Cori’s Knights Landing (KNL) processors will each have more than 60 cores, with each core having the ability to support 4 hardware threads, leading to the possibility of up to 240 threads per single-socket node. Your application is likely to run on KNL without significant modification, but achieving good performance while using all the cores and threads may be more difficult. Applications may not fit into the memory of a Cori node if they try to use an MPI task for each core because of the memory overhead for each MPI task.

To get around this limitation, a mixed MPI/OpenMP programming model is recommended to achieve scalability on the node. Using a hybrid MPI/OpenMP model can reduce memory usage by having fewer MPI tasks per node, thus reducing the need to store local copies of variables and data structures for each MPI task.

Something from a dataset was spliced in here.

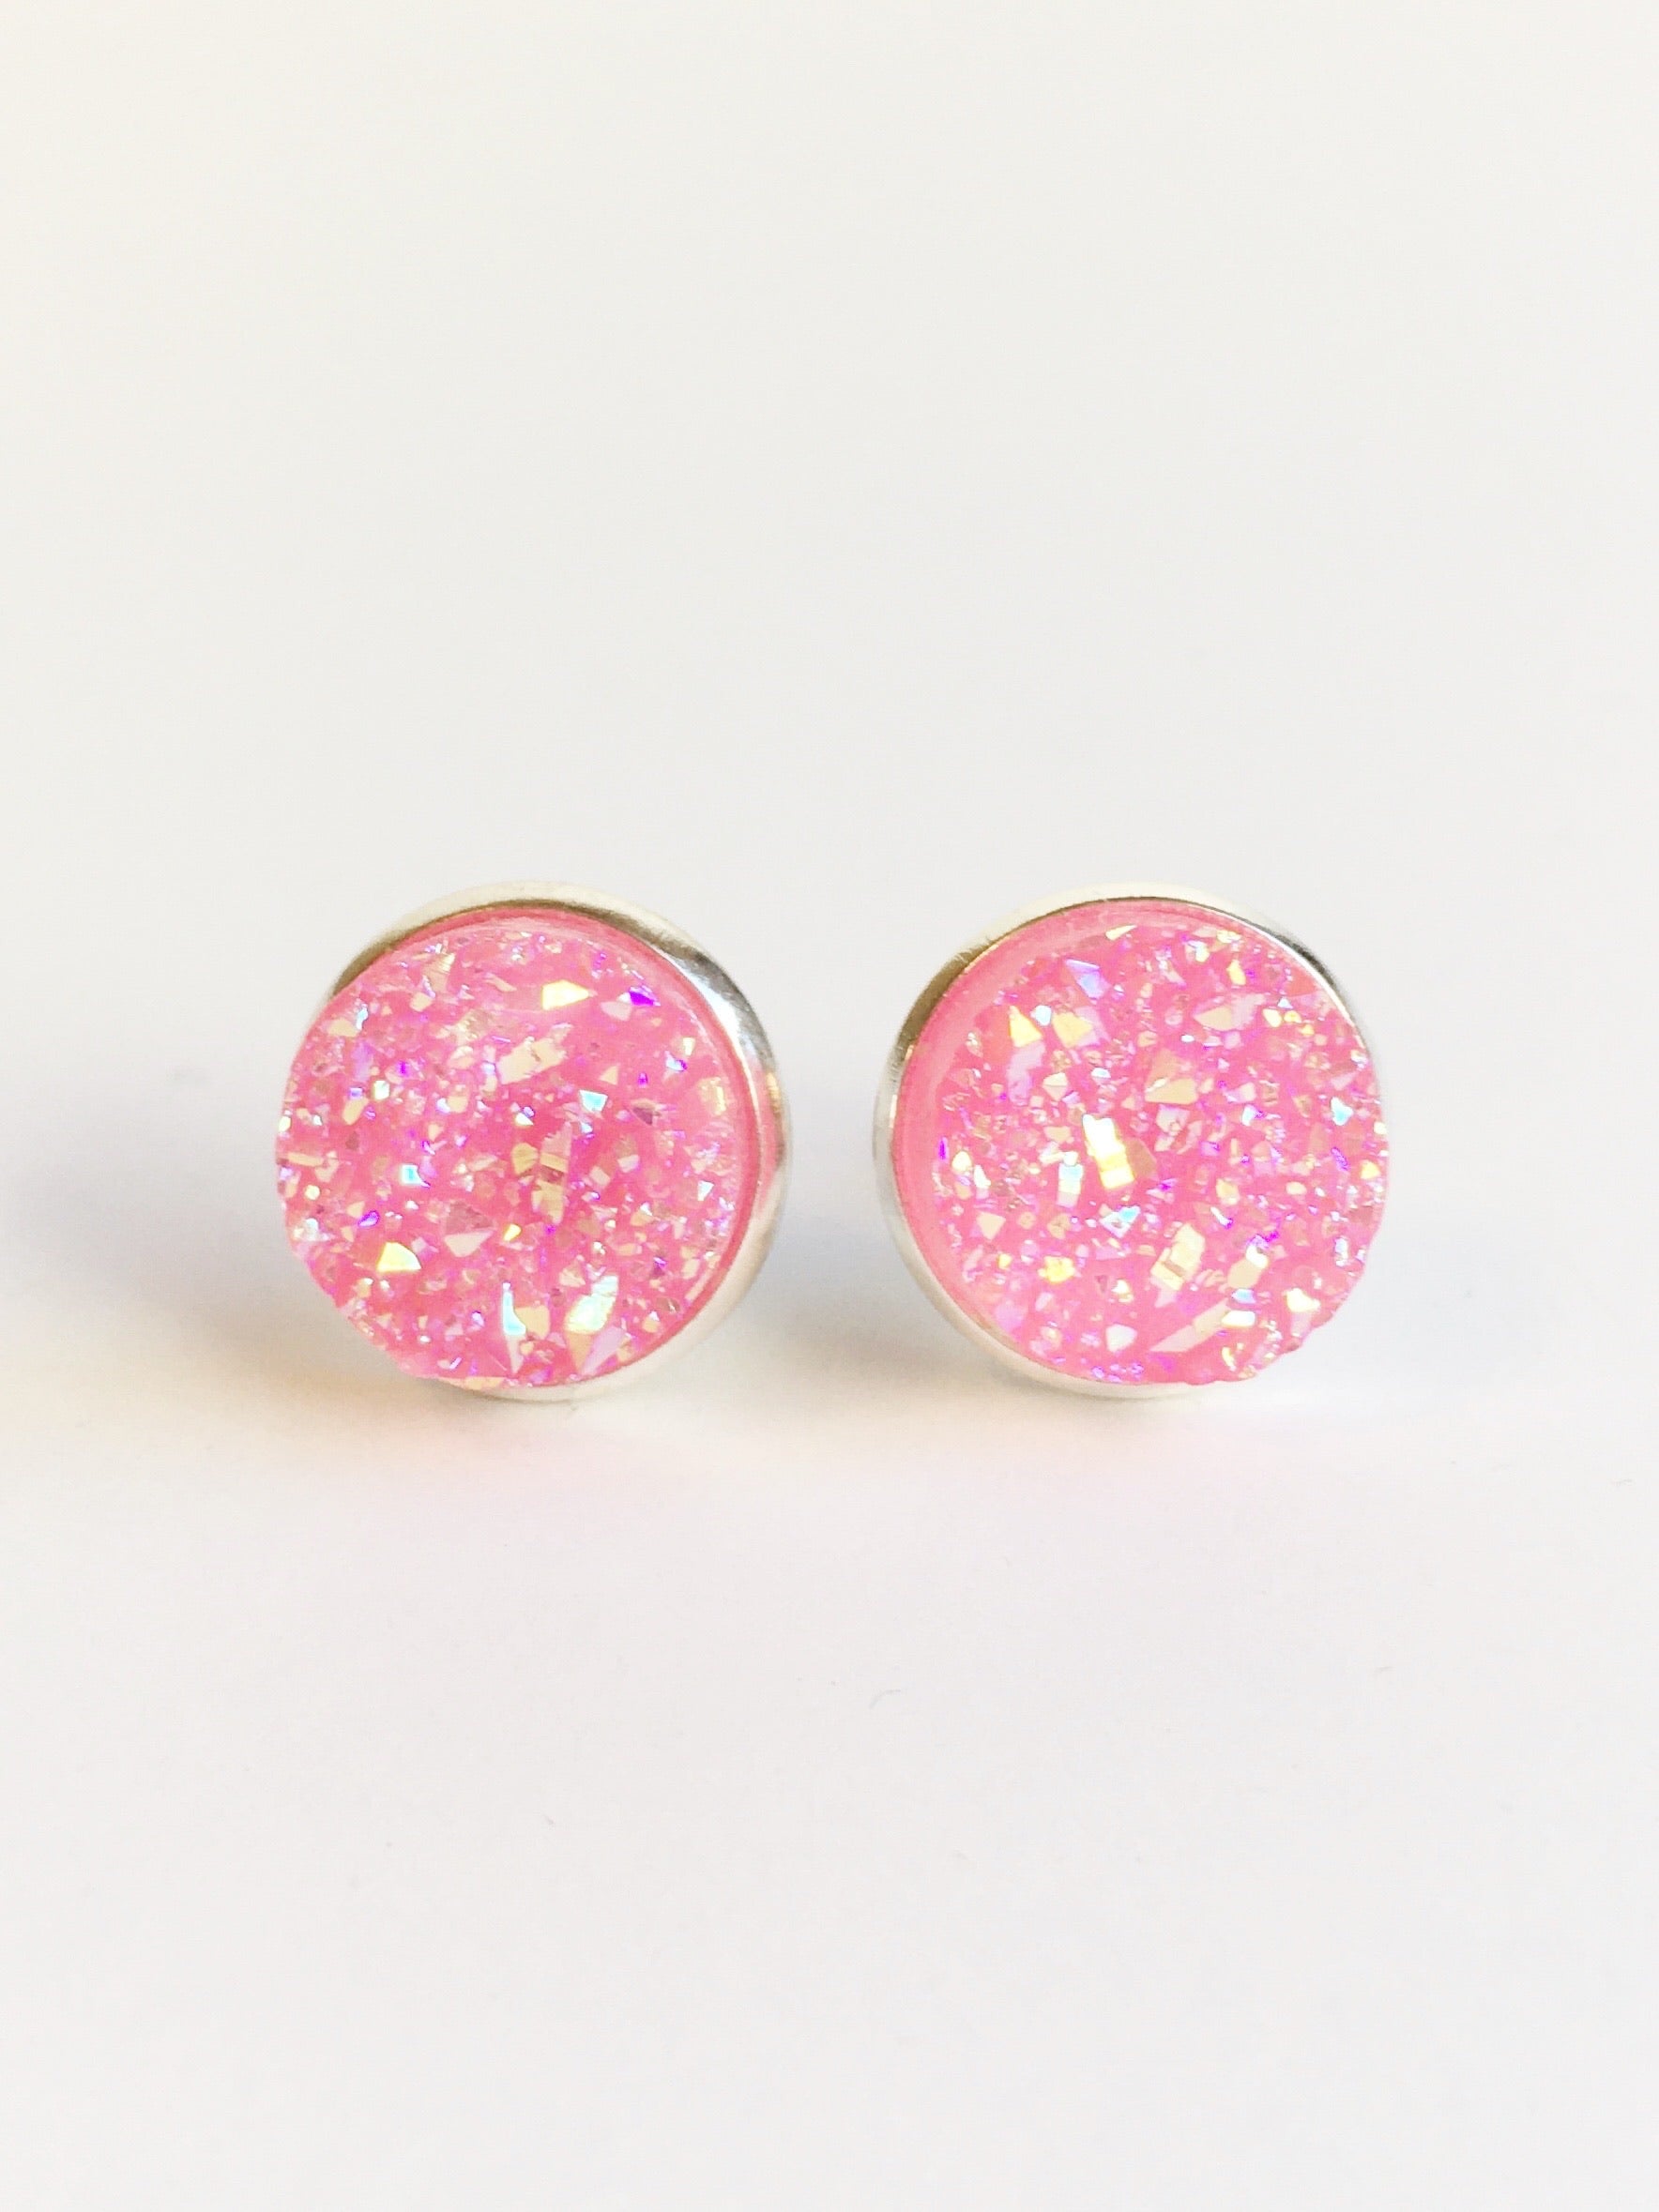 Bright Pink resin druzy stone stud earrings set in a silver color setting.

For example, a grid based application that requires ghost cells for each MPI task can use hybrid MPI/OpenMP to reduce memory usage associated with storing ghost cells by using fewer MPI tasks per node. anoxia symptoms And with hybrid MPI/OpenMP, there will be fewer MPI messages, with larger message sizes, both of which help to improve application performance across the high speed interconnect.

Good thread scaling is important for an application to get good performance on Cori. The best combination of MPI tasks and threads per task should be determined by experimentation. You should run you code with various values of MPI tasks and OpenMP threads to find "sweet spots" that minimize the overall run time, such as: 4 MPI tasks * 15 OpenMP threads per task, or 8* MPI tasks * 10 OpenMP threads per task, etc. We expect that the most common values will be 4, 8, 16 or 32 MPI tasks and some range of OpenMP threads per MPI task between 4 to 16.

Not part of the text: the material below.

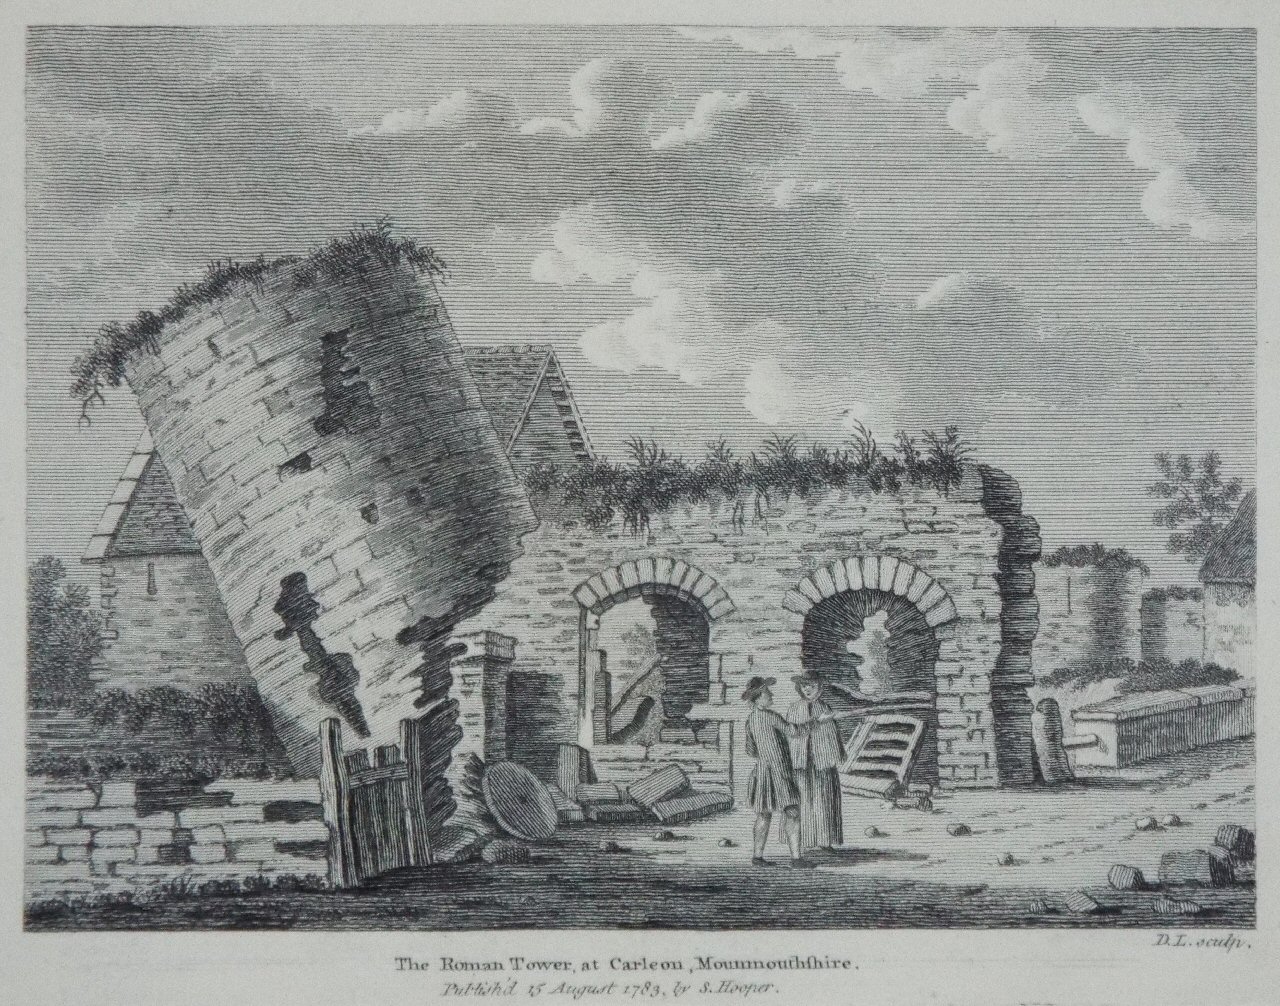 Print - The Roman Tower, at Carleon, Monmouthshire. - D

You can use Babbage and Edison today to start experimenting with mixed MPI and OpenMP programming. This web page illustrates some tips and things to consider for efficient scaling hybrid MPI/OpenMP programs, and presents a few case studies on optimization techniques for real applications. Fine Grain and Coarse Grain Models

Below is an example code with the fine grain model. The program is single threaded except when actively using multiple threads, such as loop processing. A fine grain model is easier to implement within an MPI program, however, there is more thread overhead and serial sections of the a code may become bottlenecks.

Below is an example code with the coarse grain model where most of the code runs within an OMP parallel region. The coarse gain model has low thread creation overhead and consistent thread affinity. However it is harder to code, and prone to race conditions.

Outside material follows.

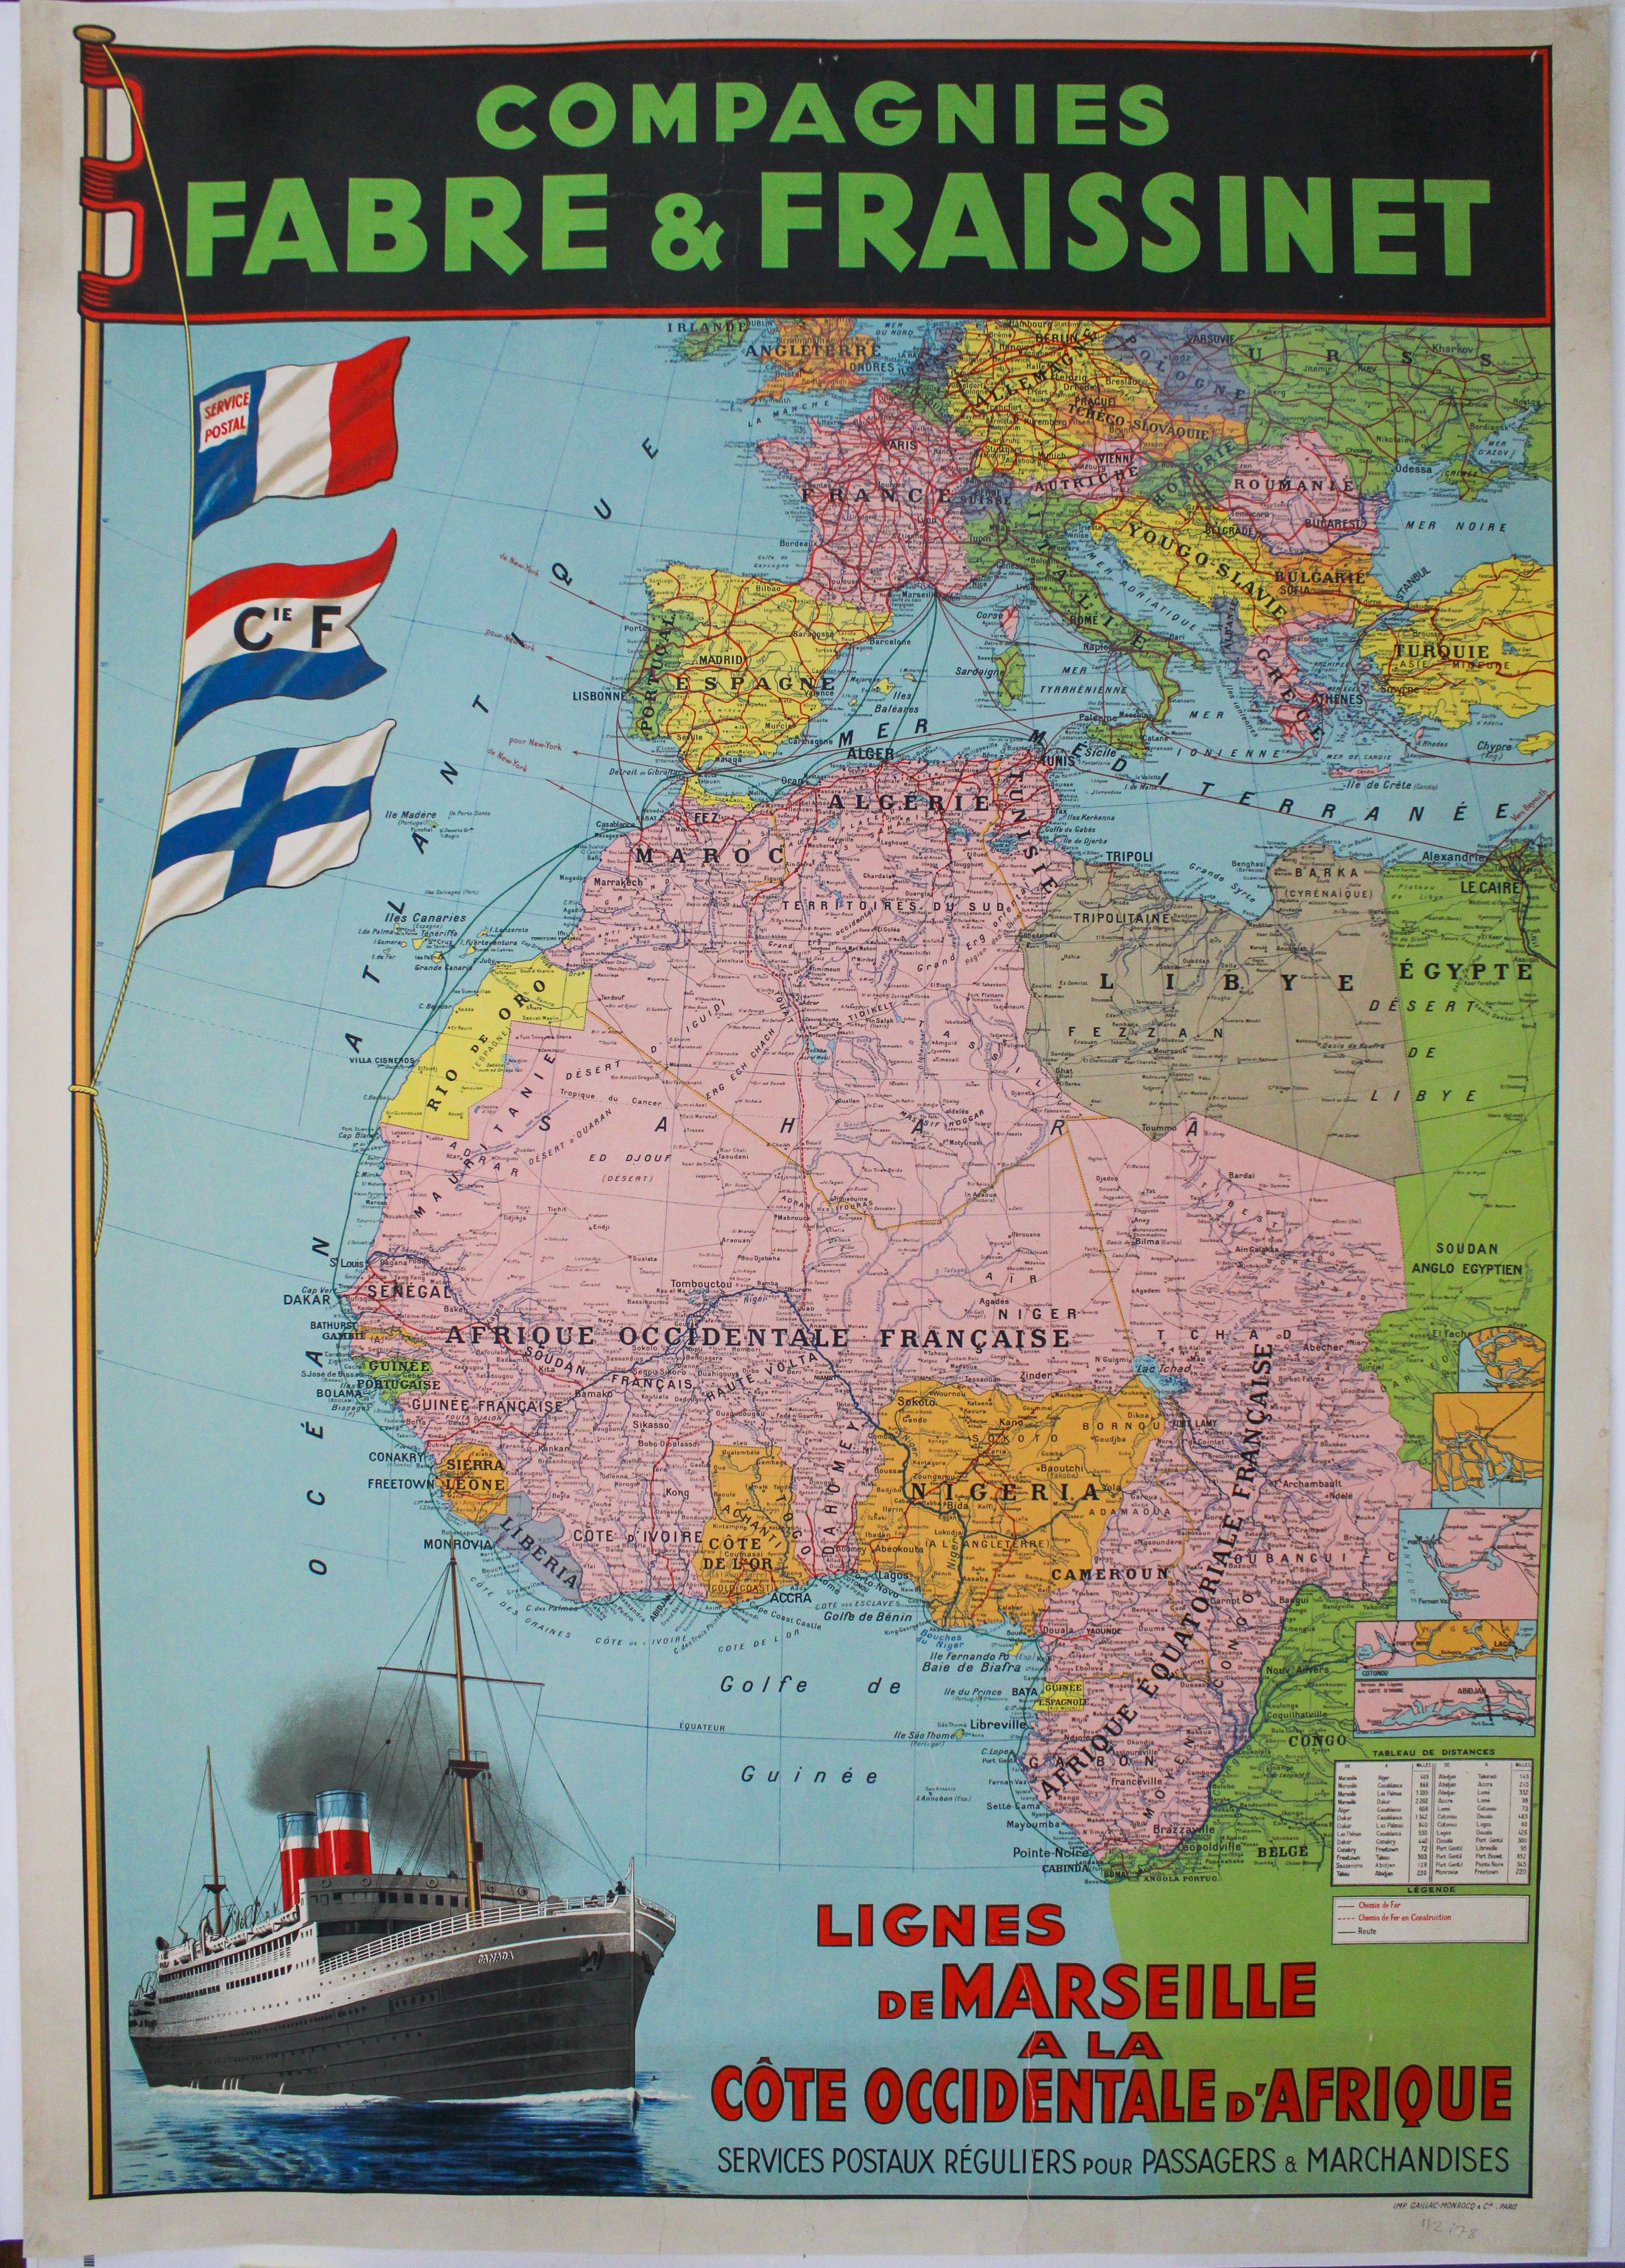 Compagnies Fabre et Frassinet West Africa Route Map

In order to get optimal performance it is best for each thread of execution to allocate memory "closest" to the core on which it is executing. This is accomplished by allocating and immediately initializing memory from the thread that will be using it. This is often referred to as a “first touch” policy because the OS allocates memory as close as possible to the thread that "first touches" (initializes) it.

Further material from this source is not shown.